At the beginning of this post, I gave times for the predicted peak in the Eastern, Central, and Mountain time zones, but left out Pacific. That’s because the AMO radiant – the point in the constellation of Monocerotis from which the meteors appear to originate – is below the horizon at the peak time for locations west of Denver. That means people on the Pacific Coast will not see this outburst, even if their skies are clear. So if you live there and want to experience the shower, you need to go quite a bit east. If you do, please don’t blame me if the outburst is a no show; as I said, I am a bit skeptical.
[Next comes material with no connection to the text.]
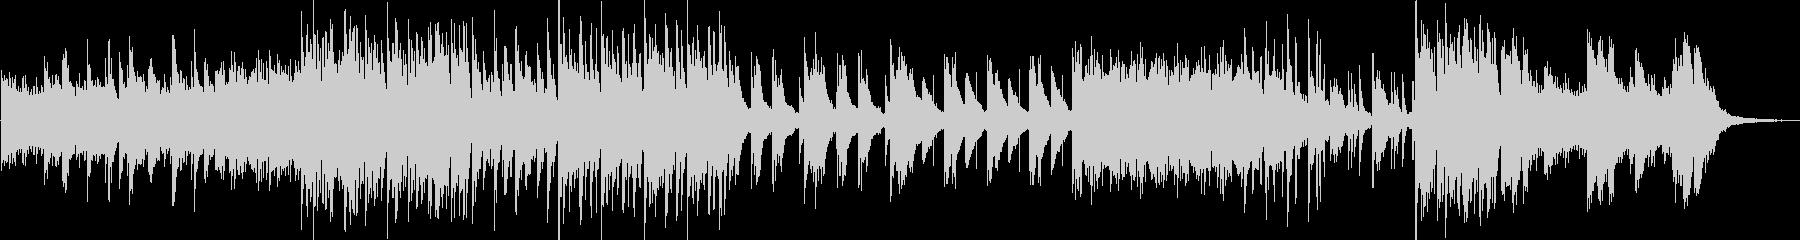 幻想的で不思議なピアノエレクトロニカの未再生の波形

For the eastern United States, the radiant is not very high in the sky at the forecast peak time (about 23° in Orlando), which is unfortunate since the observed number of meteors is tied to the radiant altitude. The higher the radiant, the more meteors people see. So my computer savvy colleagues have generated this map, which shows the total numbers of meteors you can expect to see if the outburst is similar to that of 1995. Blue is good, red is worse, white means no meteors at all. The decrease in total expected meteors is pretty obvious as you move west
And of course, there is the weather. Remember, you need clear, dark skies to see meteors, and it looks like Mother Nature is going to be mean, with clouds forecast over much of the part of the U.S. that has a chance of observing the outburst. So, if you are gifted with good seeing, give yourself about 45 minutes to adjust to the dark – go out about 10:35 PM Eastern, 9:35 PM Central, or 8:35 PM Mountain. Lie flat on your back, look straight up, and enjoy looking at the night sky (maybe listen to some appropriate tunes, but don’t look at your cell phone, as the bright screen will ruin your night vision). If Jenniskens and Lyytinen are right, you might see some pieces of a comet that awaits discovery, burning up in the atmosphere 60 miles above your head.
That’s worth a couple of hours, I think. Even if there is no outburst, it doesn’t hurt to get out under the stars for a bit.